Clearly we have to be careful in making any such assertions. There may be parallels, but we must use them cautiously. Moreover, in many of the areas where we might be interested, clinical experimentation is not viable. Can we, for instance, experiment with the complex situations invoking genetic engineering? Can we entertain social engineering, in the sense of experimenting with people’s lives? To be sure, politicians do it all the time, but the results can prove horrendous as in Russia between the wars.

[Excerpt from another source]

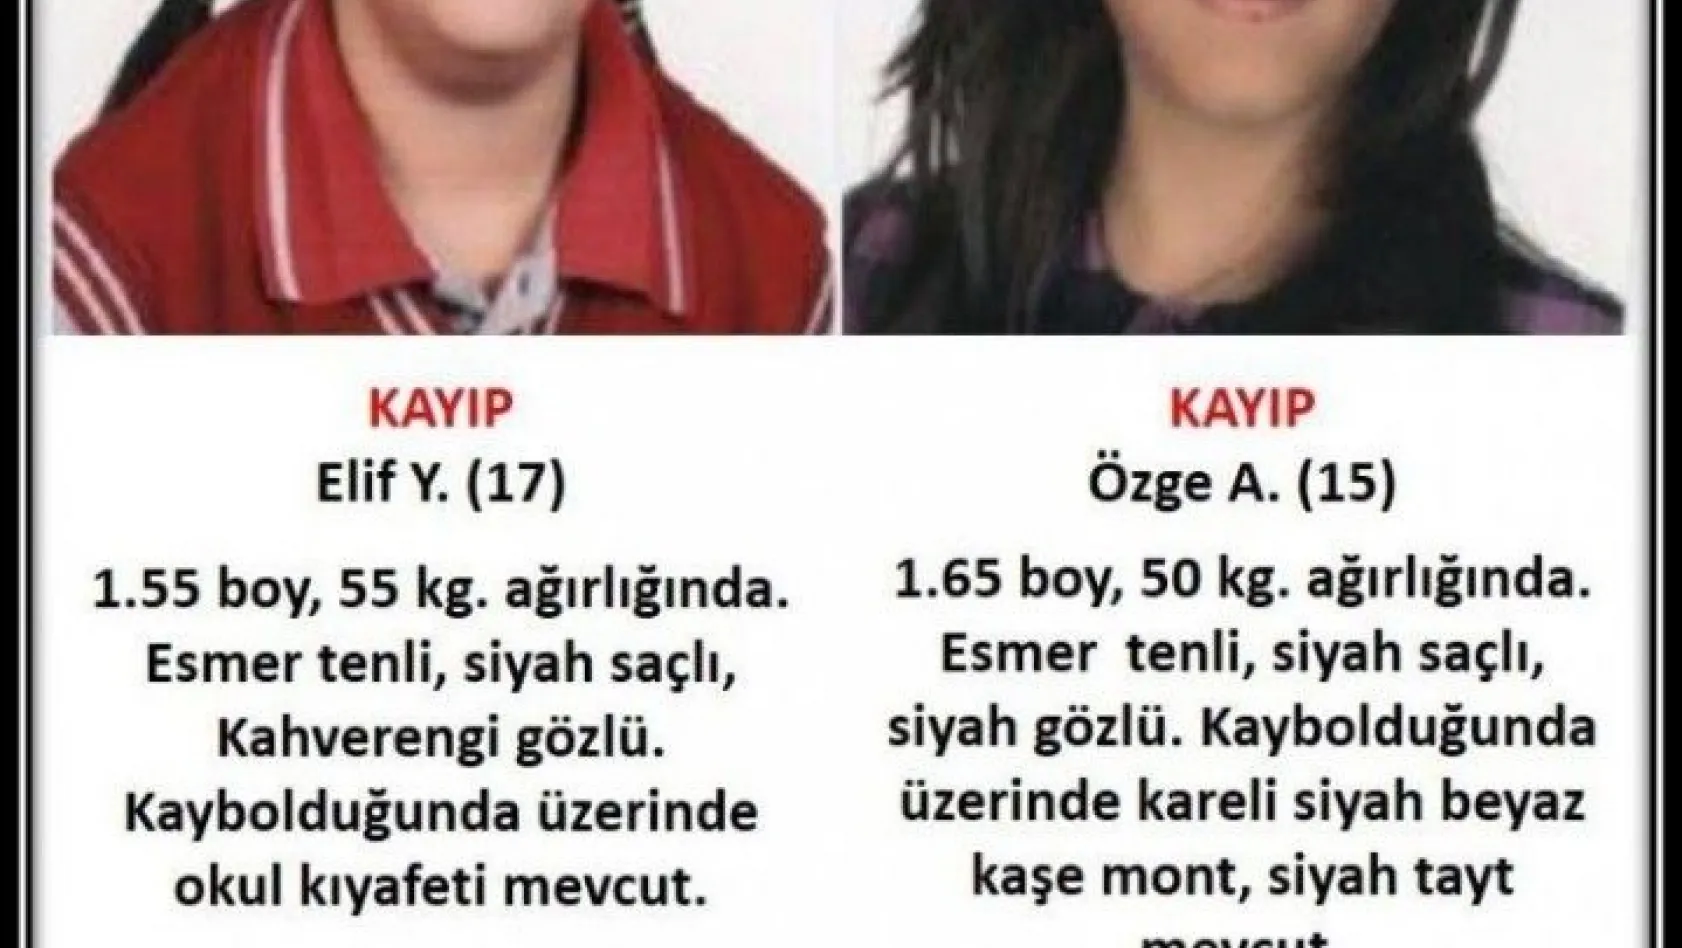 Erzurum'da 2 kızdan haber alınamıyor

On the other hand, there is no risk in developing sensible working hypotheses about our complex human existence, nor in testing these hypotheses against historical and contemporary human experience. In the real, complex world, it is often not practicable to conduct neat, clinical experiments such as those which scientists and engineers generally employ. The notion of neat experiments to address complex issues is, perhaps, a non sequitur, since the very complexity of the issue confounds the process of simplification essential to neat models and experiments. In other words, if we make the problem simple enough to model or for experiment, are we then addressing complexity at all?
Seekers after the Theory of Everything face not-dissimilar problems. Many of the phenomena about which they would like to experiment are galactic or super-galactic in nature, laboratory experiments are not feasible, and researchers must resort to developing theories and models which, if they behave as the observed Universe, offer potential insight. There is, at the time of writing, for instance, no direct evidence for the existence of Black Holes, although many scientists behave as though they are real stellar objects.
Lack of experimentation is anathema to many engineers and hard scientists - perhaps that is why we lack a Theory of Complexity. On the other hand, the ubiquitous computer is coming to our rescue as new machines continually increase our ability to model more and more complexity in greater and greater detail. It is not yet possible to consider a complete representation of almost anything in a computer model. The number of molecules and their mutual interactions in a single drop of water would defeat representation in most computers. A complete computer-model of a human would have to be as complex as the human, thereby defeating the object. The complete model of a society would contain not only the complexity of each human, but the complexities of their mutual interactions, and is out of the question. Modelling of some sort, involving some abstraction, is valuable; the nature and validity of that abstraction is crucial.